→ **Data block**
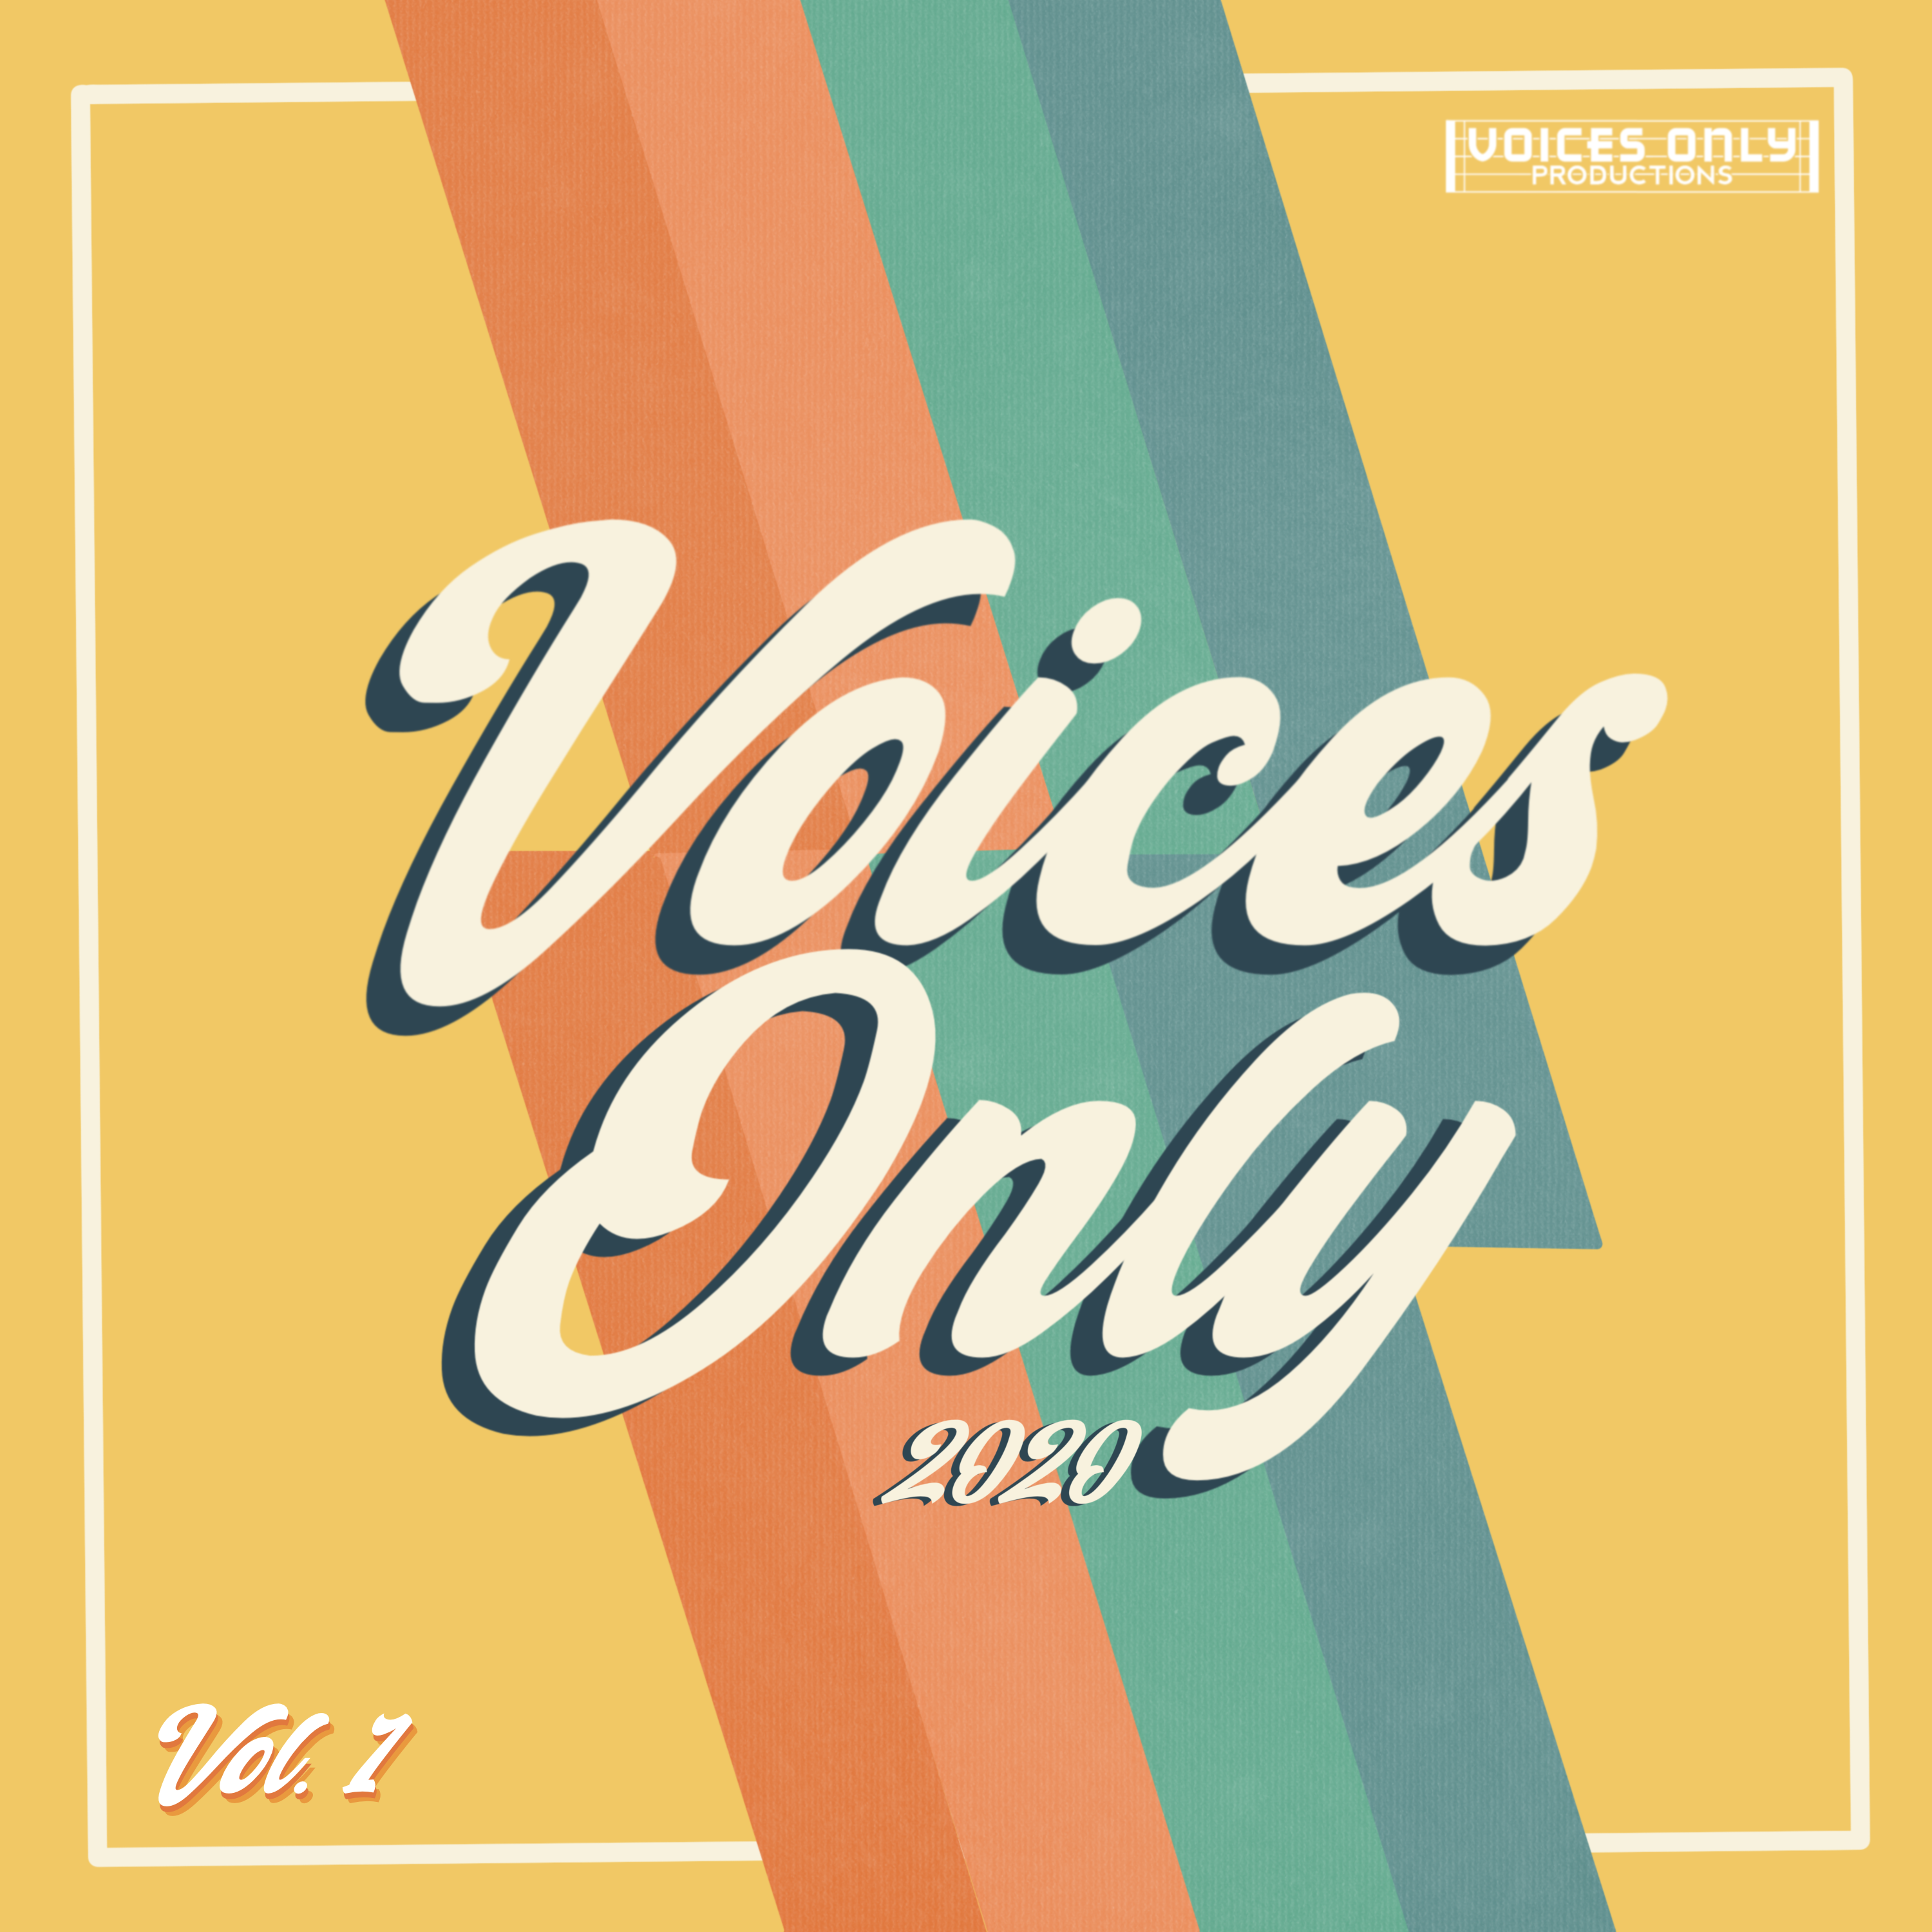 Download Voices Only 2020 now
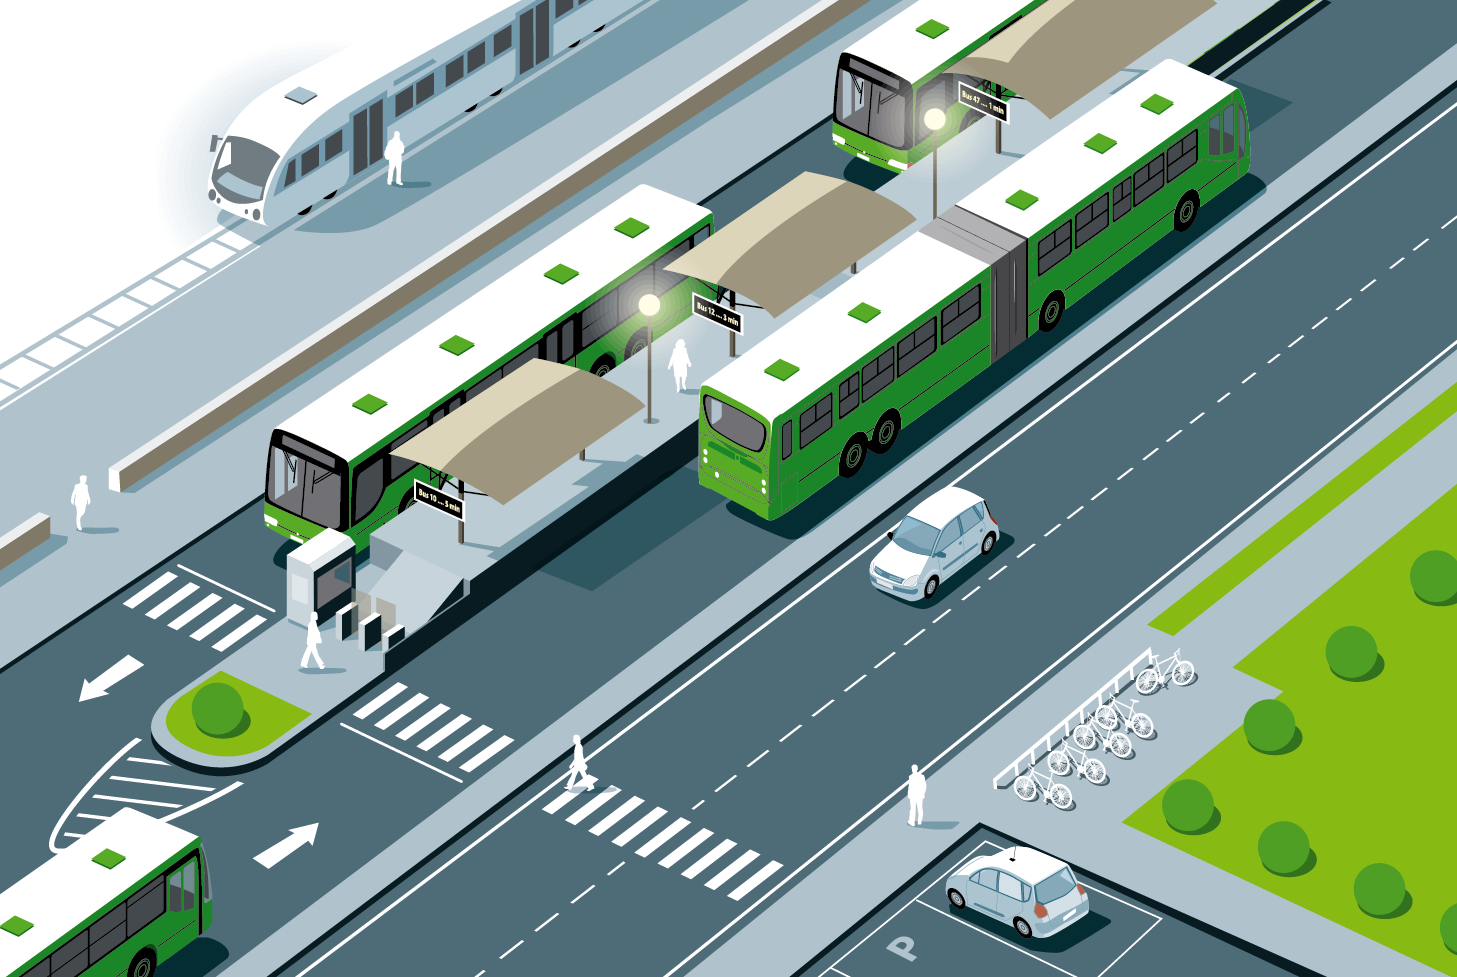 Why Our Cities Need Smart Transport - CITI I/O
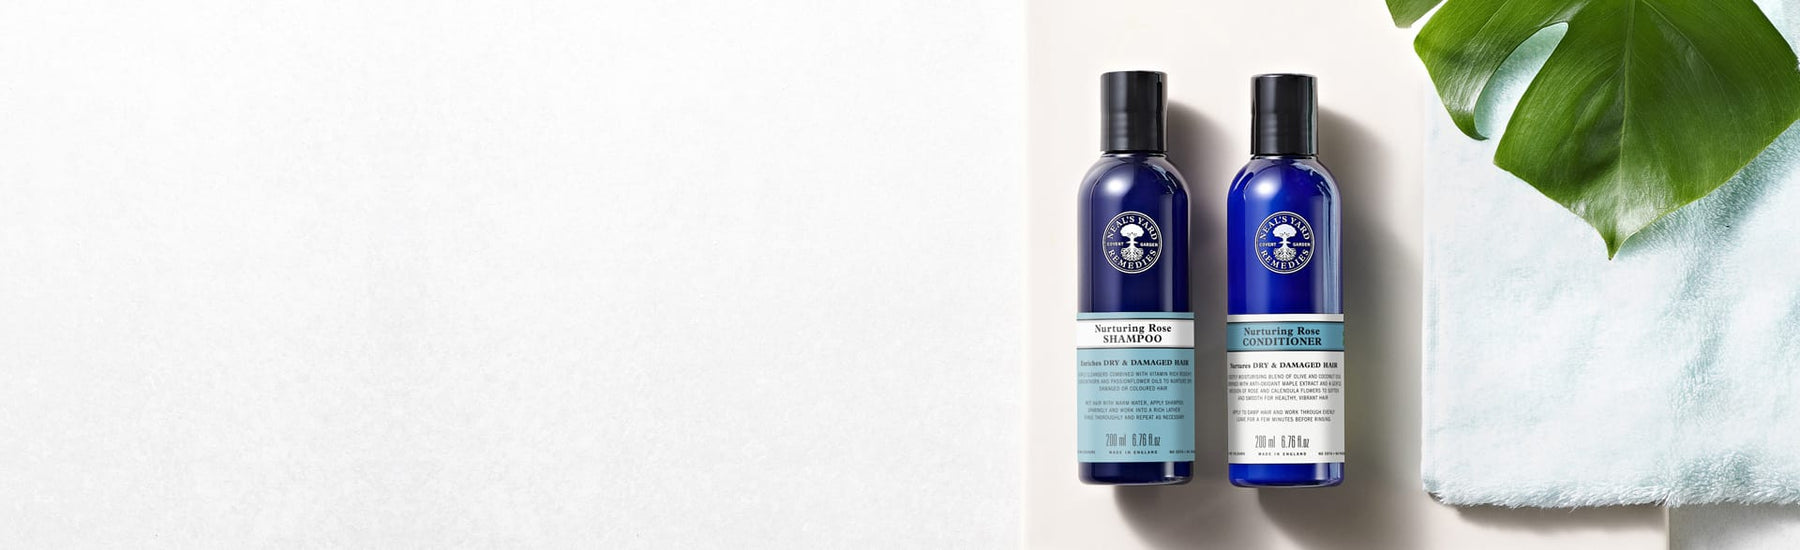 Picture of a bottle of shampoo and a hair conditioner by Neal's Yard Remedies
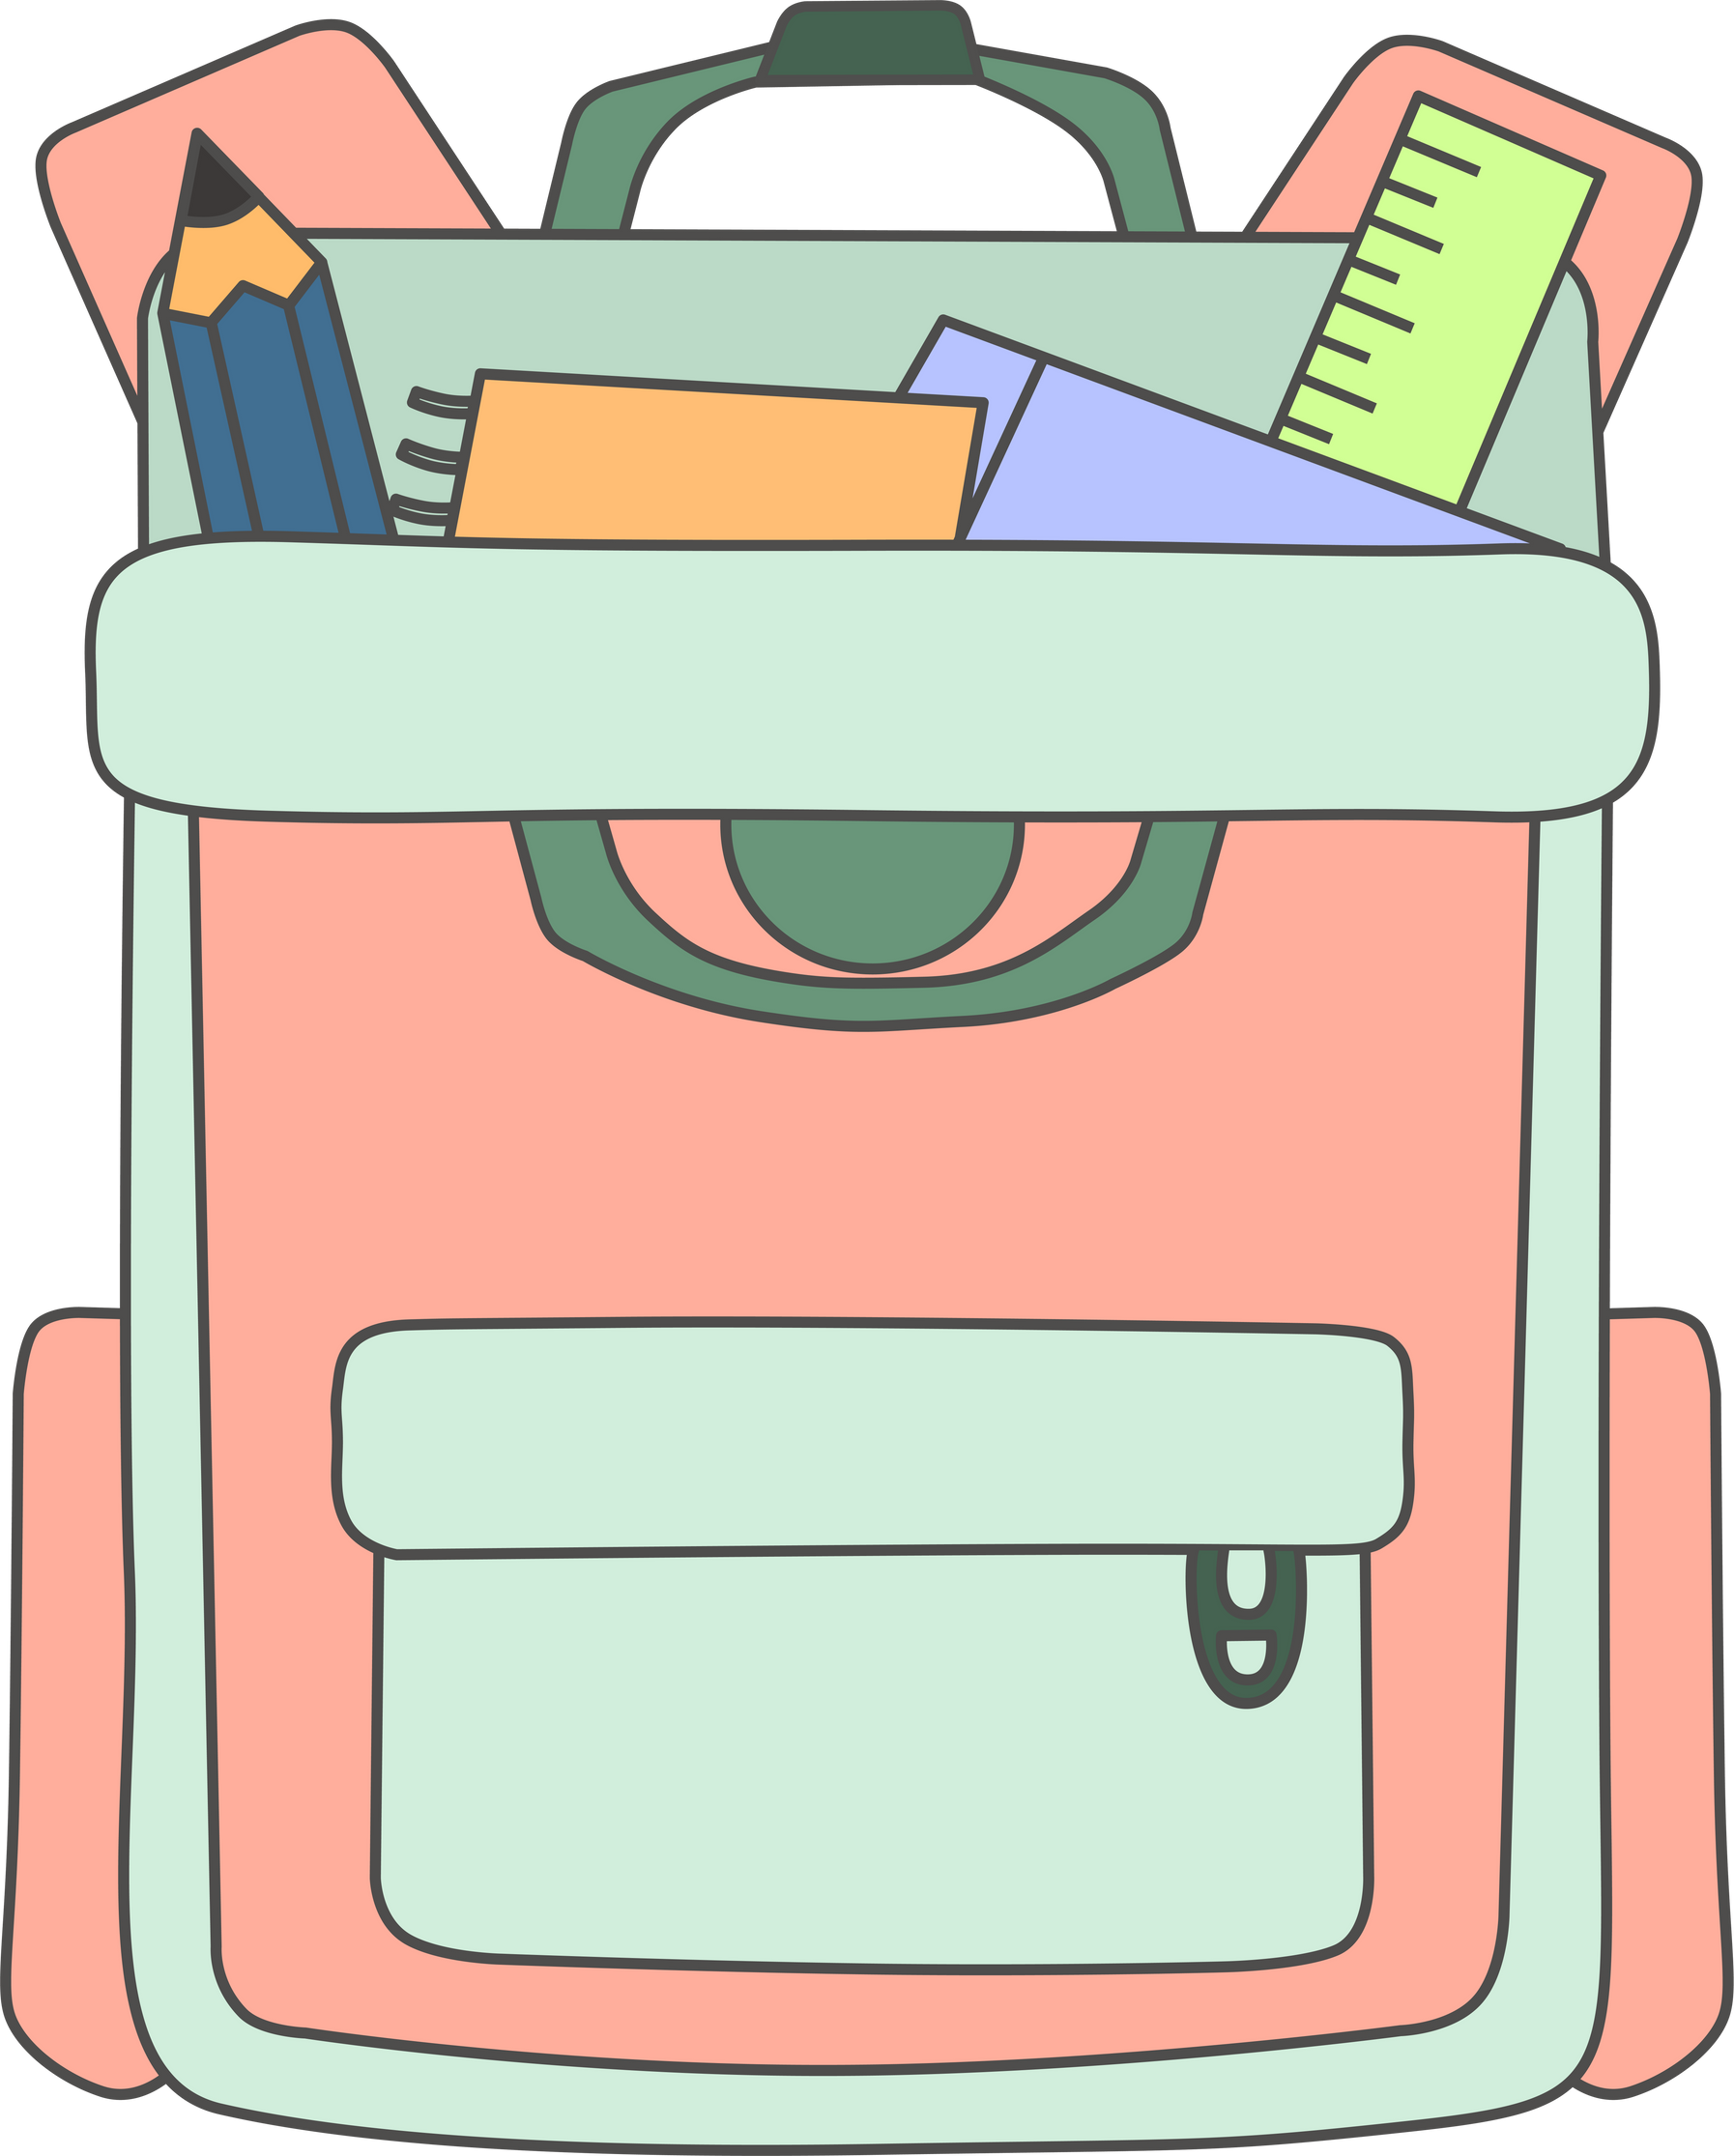 Bag with School Supplies or Stationery Illustration

→ **Description of the task**
Pictures stay out; print everything else in the data exactly.

→ **Exercise output**
 Download Voices Only 2020 now
 Why Our Cities Need Smart Transport - CITI I/O
 Picture of a bottle of shampoo and a hair conditioner by Neal's Yard Remedies
 Bag with School Supplies or Stationery Illustration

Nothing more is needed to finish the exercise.